Pour la nouvelle campagne 2025/2026 en cours, le Cocobod table sur une récolte de 650 000 tonnes. Dans le pays où entre 70 et 80 % de la récolte est engagée dans des contrats à terme, les prévisions de production pour la nouvelle campagne suggèrent que les industriels devraient encore fonctionner en sous-capacité.
Escalade tarifaire
D’un autre côté, la configuration actuelle du marché mondial encourage les expéditions de la matière première sous forme brute et désavantage les expéditions de cacao transformé. Dans une démarche protectionniste, l’Union européenne, principal débouché pour la filière ghanéenne, impose des taxes nulles sur les importations de fèves de cacao tandis que la pâte de cacao peut être imposée à près de 9,6 % et le chocolat fini jusqu’à 25 % en droits standards sur son marché.
Le flux des exportations révèle d’ailleurs une forte dépendance de l’industrie ghanéenne à la commercialisation de fèves de cacao non transformées.

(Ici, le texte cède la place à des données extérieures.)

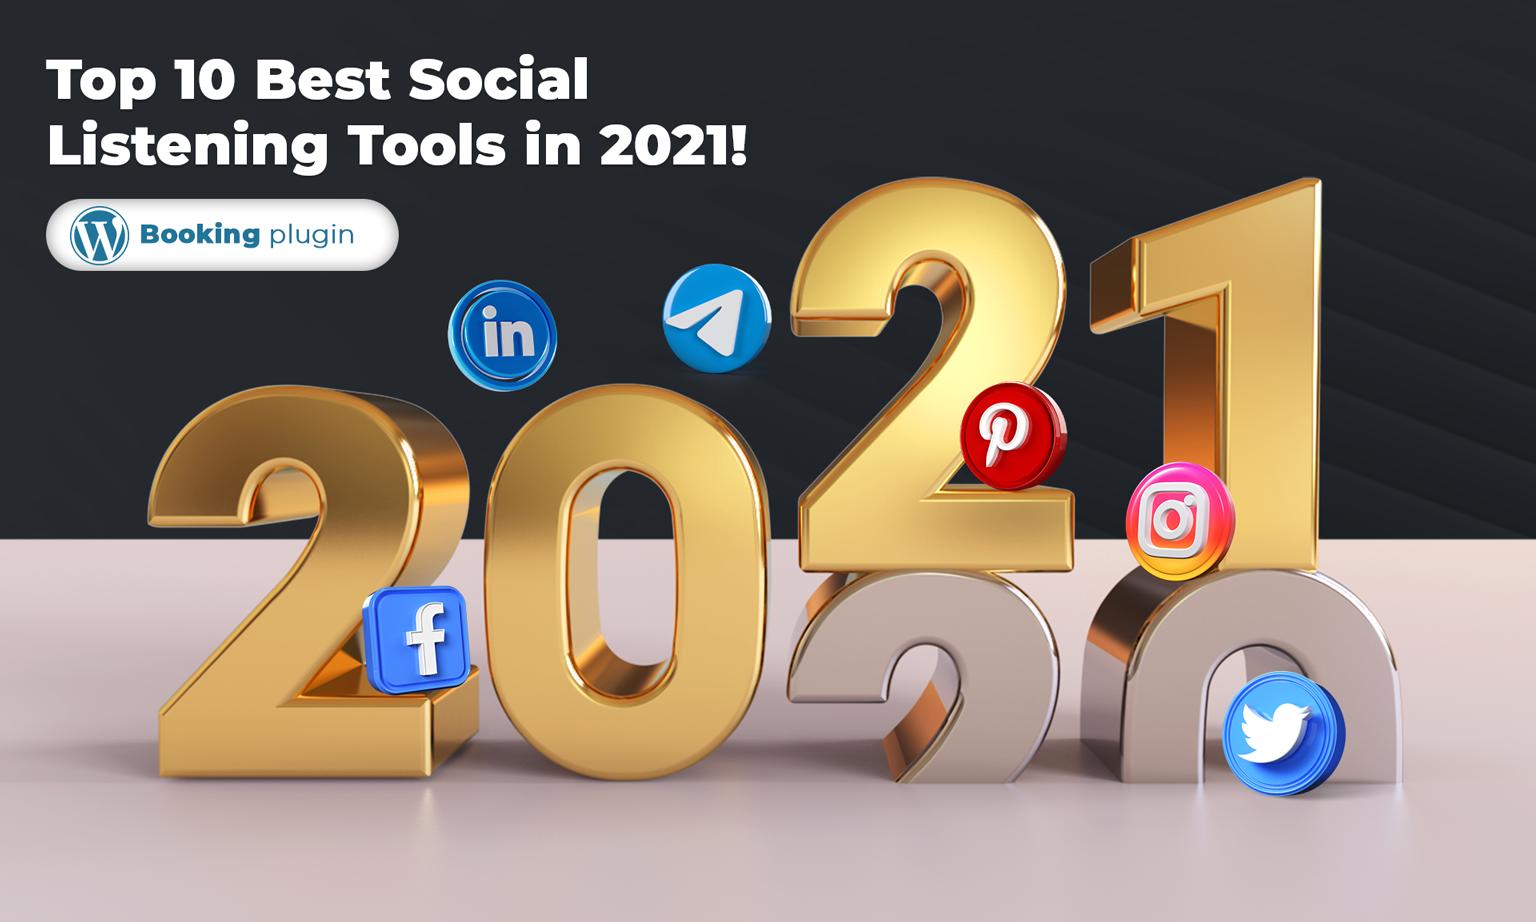 Top 10 Best Social Listening Tools in 2021

Les données compilées sur la plateforme Trade Map indiquent en effet que la filière ghanéenne a engrangé près de 2,9 milliards $ de recettes d’exportation en 2024, dont 55 % proviennent des fèves de cacao, 24 % de la pâte de cacao, 14 % du beurre de cacao, environ 4 % de la poudre de cacao et moins de 1 % de chocolat.
Surmonter les obstacles
Face à ces défis, le Ghana est en quête de solutions. La sortie de la vice-présidente suggère une prise de conscience des obstacles à surmonter pour concrétiser les plans d’industrialisation. Pour la question du financement, Mme Opoku-Agyemang a indiqué que le pays mise sur un renforcement des partenariats établis avec l’Union européenne. « J’ai plaidé en faveur de modèles structurés de financement mixte, combinant investissement en capital, fonds de roulement abordables, mécanismes de partage des risques et appui technique, en particulier pour les petits transformateurs et les opérateurs ruraux. L’Initiative européenne pour un cacao durable et le cadre Global Gateway sont bien positionnés pour concrétiser de tels partenariats », a-t-elle déclaré. Elle a également exhorté les partenaires mondiaux à revoir les hausses tarifaires qui pénalisent les exportations de cacao transformé.
En ce qui concerne l’offre insuffisante de cacao pour alimenter les unités de transformation locales, les autorités ghanéennes ont déjà lancé plusieurs plans d’action pour redresser la production nationale. Parmi les initiatives récentes, l’annonce en juin dernier de l’acquisition prévue de 200 000 hectares de terres agricoles au profit du Cocobod vise à développer de nouvelles plantations industrielles. L’objectif est de compléter les activités des petits exploitants existants et d’augmenter l’offre de cacao sur le marché intérieur.
A ce stade, il est difficile de déterminer comment ces initiatives se traduiront concrètement dans le renforcement et la transformation de l’industrie locale. Une approche coordonnée ou une feuille de route claire sera nécessaire pour évaluer pleinement leur impact sur la filière cacao ghanéenne.